Sleepiness trajectory groups (Figure 1):
Figure 1. Latent-group trajectory plots for daytime sleepiness with 95% CI bands.
dots represent the predicted probability, lines represent observed probability and the shaded areas represent the 95% CI for observed probability.
Latent group-based trajectory modeling indicated that a four-group solution fit the data best (Supplemental Table 1 shows BIC for models with different numbers of groups). However, as two of these 4 groups appeared very similar, we selected a three-group solution combining the two similar groups. The groups were characterized by: (1) no daytime sleepiness (n=959, 49.2%); (2) emerging daytime sleepiness (n=342, 17.5%); (3) persistent daytime sleepiness (n=650, 33.3%).
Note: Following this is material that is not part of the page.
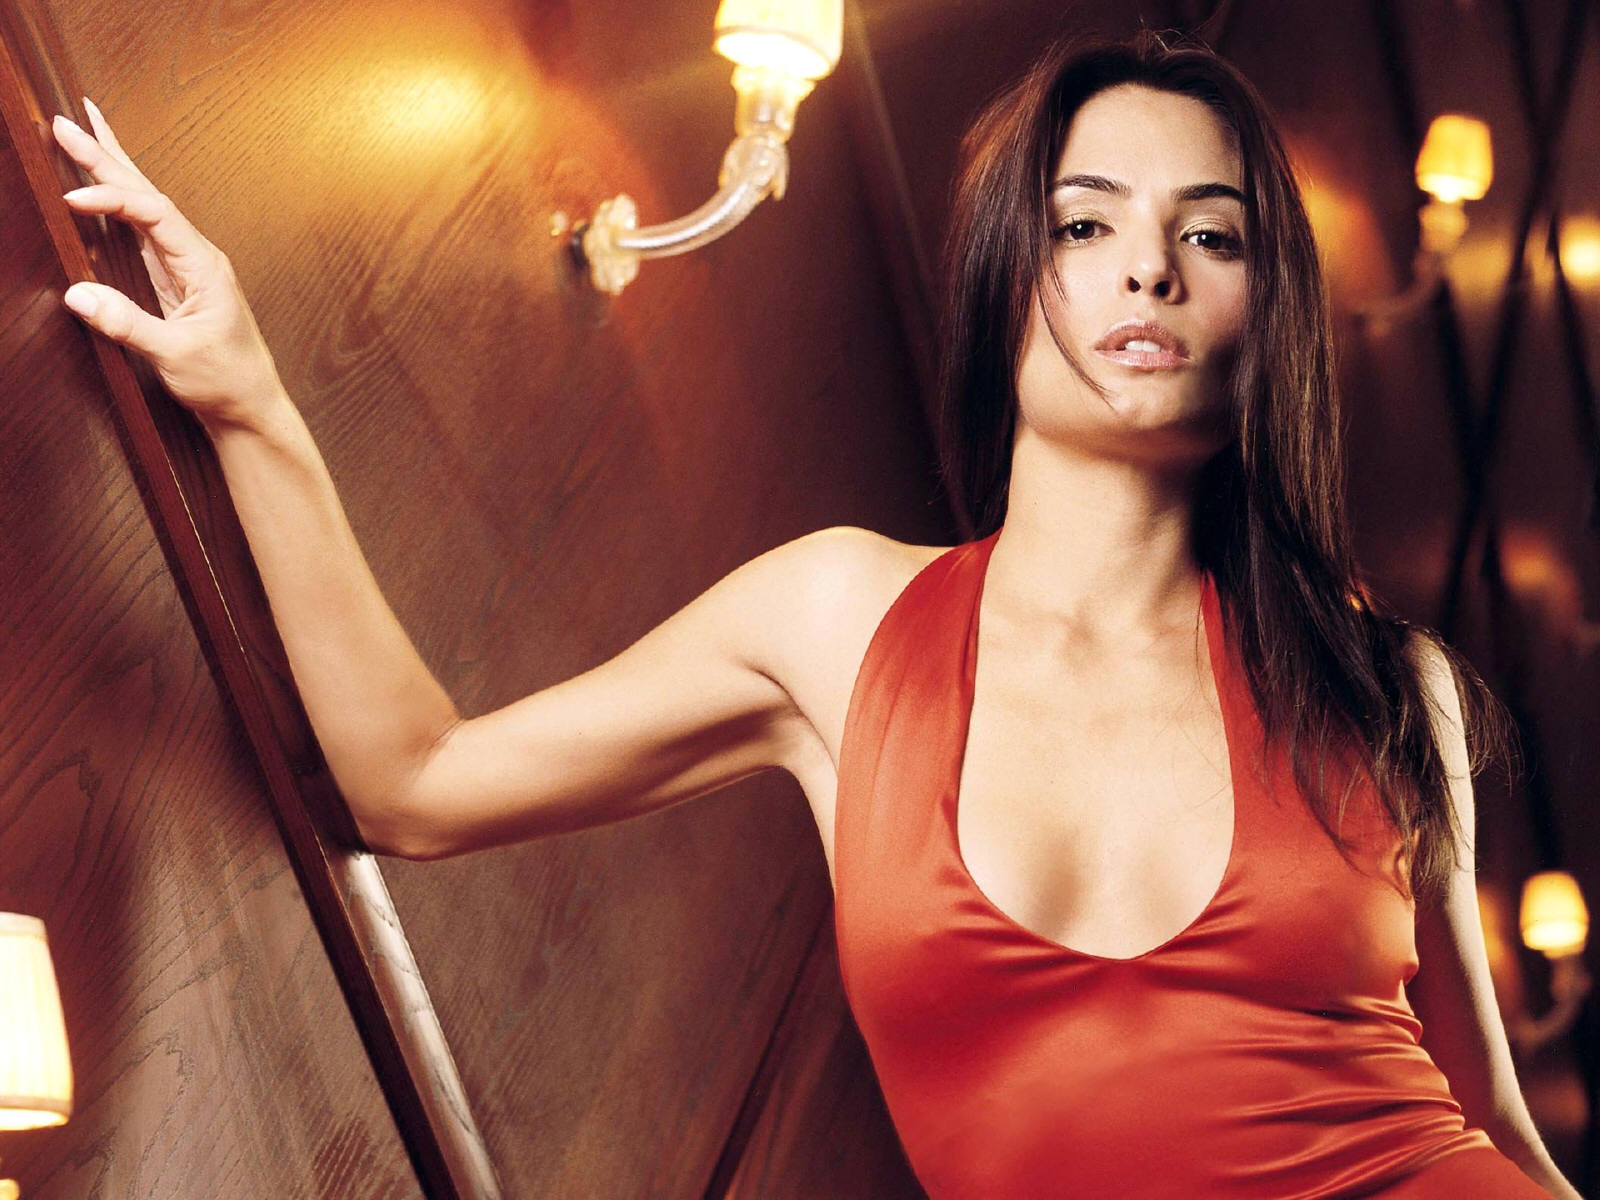 http://1.bp.blogspot.com/-xXwvK94eHss/Ty63jUIX4hI/AAAAAAAAB04/JIqWioSBvzs/s1600/0134-Hot-Celebrity-Wallpaper-Talisa-Soto.jpg

Participants in these groups differed in terms of several characteristics (Table 1) including medication use, cerebrovascular disease, and cardiovascular disease.
Table 1.
Baseline descriptive information by sleepiness trajectories
| Daytime Sleepiness | ||||
|---|---|---|---|---|
| No daytime sleepiness trajectory |
Emerging daytime sleepiness |
Persistent daytime sleepiness |
p* | |
| N | 959 | 342 | 650 | |
| Age (mean (SD)) | 77.55 (7.48) | 78.07 (7.17) | 79.01 (7.44) | 0.001 |
| Female | 607 (63.3) | 216 (63.2) | 369 (56.8) | 0.021 |
| Education | 0.017 | |||
| <High school | 107 (11.2) | 56 (16.4) | 103 (15.8) | |
| High school | 434 (45.3) | 147 (43.0) | 300 (46.2) | |
| >High school | 418 (43.6) | 139 (40.6) | 247 (38.0) | |
| Dementia | 31 (3.2) | 38 (11.1) | 50 (7.7) | <0.001 |
| Depression symptoms >3 | 48 (5.0) | 22 (6.4) | 51 (7.8) | 0.067 |
| Number of medications > 3 | 482 (56.8) | 195 (61.3) | 400 (65.5) | 0.003 |
| Instrumental activities of daily living dependences | 118 (12.7) | 55 (16.5) | 146 (23.0) | <0.001 |
| Smoker (ever) | 500 (52.1) | 184 (53.8) | 347 (53.4) | 0.821 |
| Alcohol consumption | 0.001 | |||
| Never using alcohol in the past year | 312 (32.5) | 136 (39.8) | 217 (33.4) | |
| Consumed alcohol up to once per week | 450 (46.9) | 167 (48.8) | 337 (51.8) | |
| Consumed alcohol multiple times week | 85 (8.9) | 17 (5.0) | 45 (6.9) | |
| Daily drinkers | 112 (11.7) | 22 (6.4) | 51 (7.8) | |
| Cerebrovascular disease | 110 (11.5) | 58 (17.0) | 94 (14.5) | 0.024 |
| Cardiovascular disease | 364 (38.0) | 137 (40.1) | 289 (44.7) | 0.027 |
| Diabetes | 191 (19.9) | 81 (23.7) | 153 (23.5) | 0.145 |
| Parkinson’s diseases | 10 (1.0) | 2 (0.6) | 10 (1.5) | 0.377 |
| Systolic blood pressure ≥ 120 | 791 (82.9) | 291 (85.6) | 549 (85.1) | 0.356 |
| Diastolic blood pressure ≤ 70 | 342 (35.9) | 127 (37.4) | 296 (46.0) | <0.001 |
| BMI | 0.168 | |||
| Normal (<25) | 339 (35.3) | 108 (31.6) | 198 (30.5) | |
| Overweight (25-29) | 361 (37.6) | 135 (39.5) | 245 (37.7) | |
| Obese (>=30) | 259 (27.0) | 99 (28.9) | 207 (31.8) | |
| Exercise | 590 (61.5) | 217 (63.5) | 351 (54.0) | 0.003 |
| Physical activity | 596 (62.3) | 208 (60.8) | 401 (61.7) | 0.889 |
| Social engagement | 793 (82.8) | 294 (86.0) | 507 (78.0) | 0.004 |
| Sleep apnea | 61 (6.4) | 38 (11.1) | 64 (9.9) | 0.006 |
P-value for continuous variables are calculated from ANOVA; p-value for categorical variables are derived from chi-square test.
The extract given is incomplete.